16. The method of claim 15, further comprising

acquiring a type of the received measurement data, and

performing pre-processing of the measurement data based on the acquired type of measurement data prior to storing the measurement data.

17. The method of claim 16, wherein pre-processing includes converting the measurement data into a different format, for example, a format that is suitable for analysis in a cluster computing framework.

18. The method of any one of claims 15 to 17, further comprising generating meta data from the received measurement data, said meta data including the location of the measurement data.

19. The method of any one of claims 15 to 18, further comprising initiating a backup of at least part of the measurement data stored on the first storage device (12) to a portable storage device (32) provided at the location of the corresponding first storage device (12) when the at least one criterion is met, the at least one criterion including at least one of:

a remaining capacity of the first storage device (12);

an age of the measurement data;

lapse of a predetermined time interval; and

a specific type of the measurement data stored on the first storage device

(12).

20. The method of claim 19, further comprising

physically transporting the portable storage device (32) to the location of the second storage device (16), for example, by mail,

transferring the backup data from the portable storage device (32) to the second storage device (16),

verifying that the transferred data is identical to the data previously stored on the first storage device (12), and

deleting the measurement data previously stored on the first storage device after successful verification.

21. The method of claim 15, further comprising

classifying the measurement data into data having different priorities based on at least one of access times, creation dates, types of data, and other meta data associated with the collected measurement data, and

transferring data having a lower priority from the first storage device (112) to the second storage device (116).

22. The method of any one of claims 15 to 21, further comprising generating analysis code based on the query, and

executing the analysis code on the first computing device (14; 114) and the second computing device (18; 118).

23. A computer program comprising computer-executable instructions that, when executed on a computer system, cause the computer system to execute the steps of the method of any one of claims 15 to 22.

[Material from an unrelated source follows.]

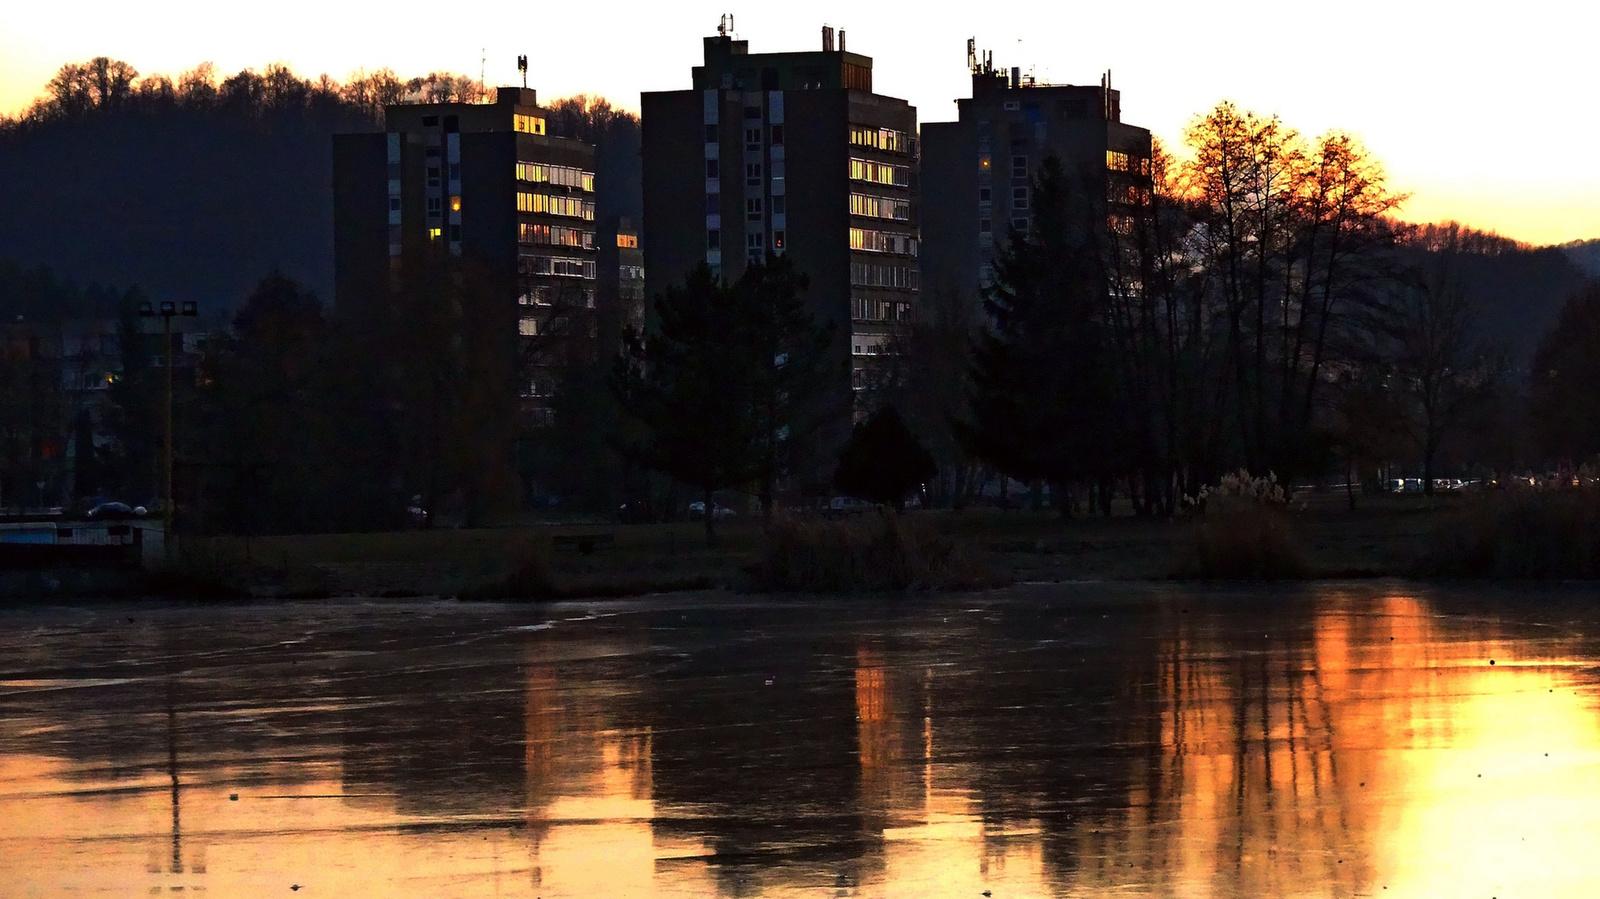 01 Esti városkép

24. A computer program comprising computer-executable instructions that, when executed on a computer system, cause the computer system to perform the following steps:

acquiring a location of measurement data stored on a plurality of storage devices (12, 16) provided at geographically different locations;

receiving a query for an analysis to be performed on the measurement data;

evaluating the query to determine on which of the plurality of storage devices (12, 16) data relevant to the query is stored;

generating analysis code based on the query;

forwarding the generated analysis code to computing devices (14, 18) associated with the relevant storage devices (12, 16), respectively;

receiving a partial analysis result from each computing device (14, 18); combining the partial analysis results; and

reporting the combined analysis result.

25. The computer program of claim 24, further comprising instructions for initiating a transfer of measurement data from one storage device to another when at least one predetermined criterion is met, the at least one criterion including at least one of:

a remaining capacity of the first storage device (12);

an age of the measurement data;

lapse of a predetermined time interval; and

a specific type of measurement data stored on the first storage device (12).